The ultimate water heater buying guide

The Ultimate Water Heater Buying Guide in 2022

Whether you are looking for a water heater for your new home or replacing the old one, you will want to make sure that you get the right water heater that can handle your hot water demand and not be so much of a burden on your budget. 

According to, water heater accounts for upto 14% to 18% of total household energy consumption. That means if you buy an efficient water heater then that can result in great savings. 

Earlier, there weren’t many water heating options available and they weren’t that energy efficient either. 

Things are a lot different now and many varieties. So you must get full a picture of the options available to you before making the decision. 

Things you need to understand while selecting a water heater:

  1. What are the different types of water heaters and which is right for you? 
  2. What size water heater you will need? 
  3. Should you go for gas-powered or electric? 

Different types of water heater

A typical solar water heater collector.
A typical solar water heater collector.

Today, there are many types of water heaters available than before which is a good thing but can make you confused as well. Each type has its pros and cons plus one doesn’t suit all. So let’s learn a bit more about those. 

Storage tank water heater

These are the conventional tank water heaters. In this type, water is heated and stored in a well-insulated water tank from which water can be drawn via fixtures like hot water tap or showerhead. 
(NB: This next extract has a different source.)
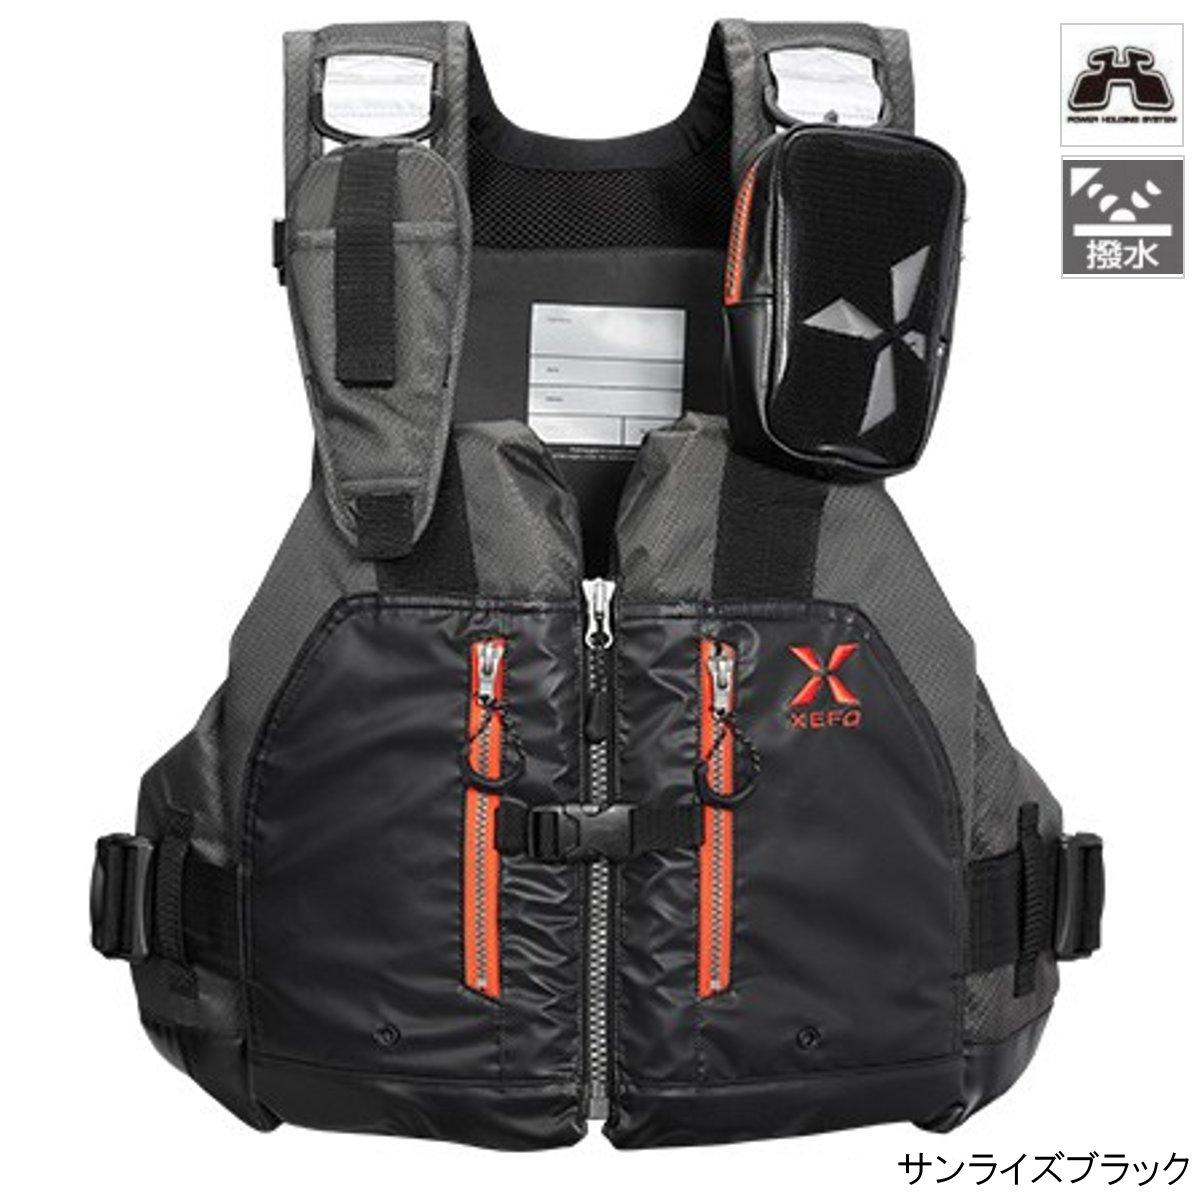 シマノ XEFO ROCK TRAVERSE VEST VF-297Q フリー サンライズブラック

The tank water heaters keep the reserves of hot water all day and night. The tank makes the overall heating system bigger and occupies a lot of space. 

The best thing with a tank water heater is you can use multiple streams of hot water at the same time without facing a low flow rate. 
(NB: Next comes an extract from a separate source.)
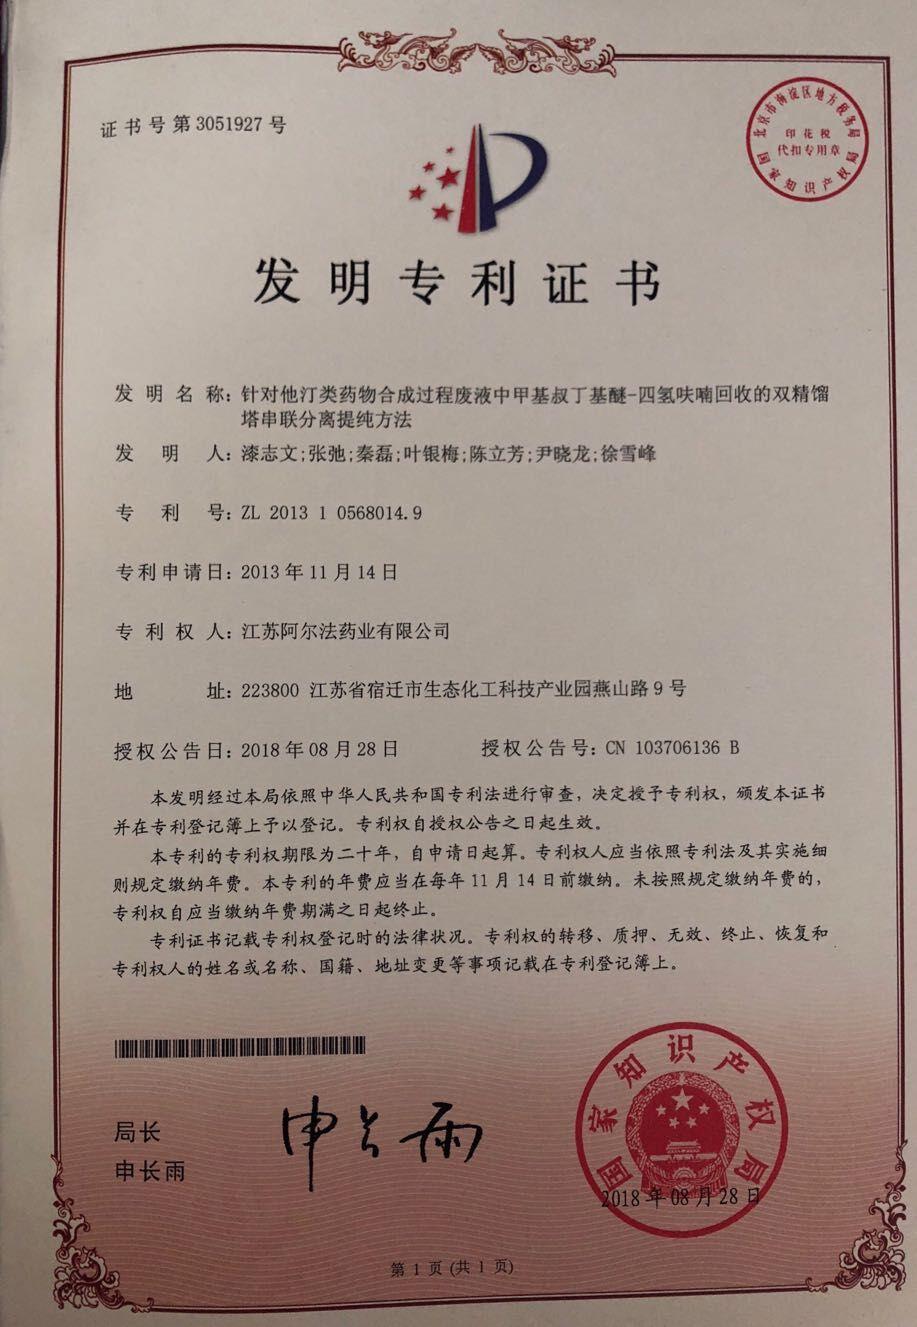 榮譽-專利-23.針對他汀類藥物合成過程廢液中甲基叔丁基醚-四氫呋喃回收的雙精餾塔串聯分離提純方法

But the problem you might face with them is having to wait hours to get hot water once you have used the whole tank (which happens when you draw the whole capacity at the same time).

Another drawback is that the water heater has to use energy all the time to keep the water in the tank hot all the time. That means it has to use energy to keep water hot even when not needed. That’s a lot of inefficiencies and increased energy costs. 

Tankless water heater

Tankless water heater technology is rather new compared to tank types. As you can guess from the name itself, these are water heaters without a tank. 

These water heaters don’t store the hot water, instead, it instantly heats the water when required. That’s the reason tankless water heaters are also called instant or on-demand water heaters. 

One of the best things with a tankless water heater is you practically don’t run out of hot water like you would with tank type. 

And since it only uses energy when hot water is needed, the tankless water heater is at least 20 to 30% more energy-efficient compared to the tank type.

Tankless models are also smaller and more compact compared to tank types and are easier to fit inside the home. 

However, the tankless water heater has a limit to the amount of hot water that you can draw at a time, called gallon per minute(or GPM). Implying, there’s a limit to the number of hot water streams that you can run simultaneously with a good flow rate. 

Point of use or utility water heater

Point of Use or POU water heater is opposite to centralized water heater system which supplies the hot water for the whole home. 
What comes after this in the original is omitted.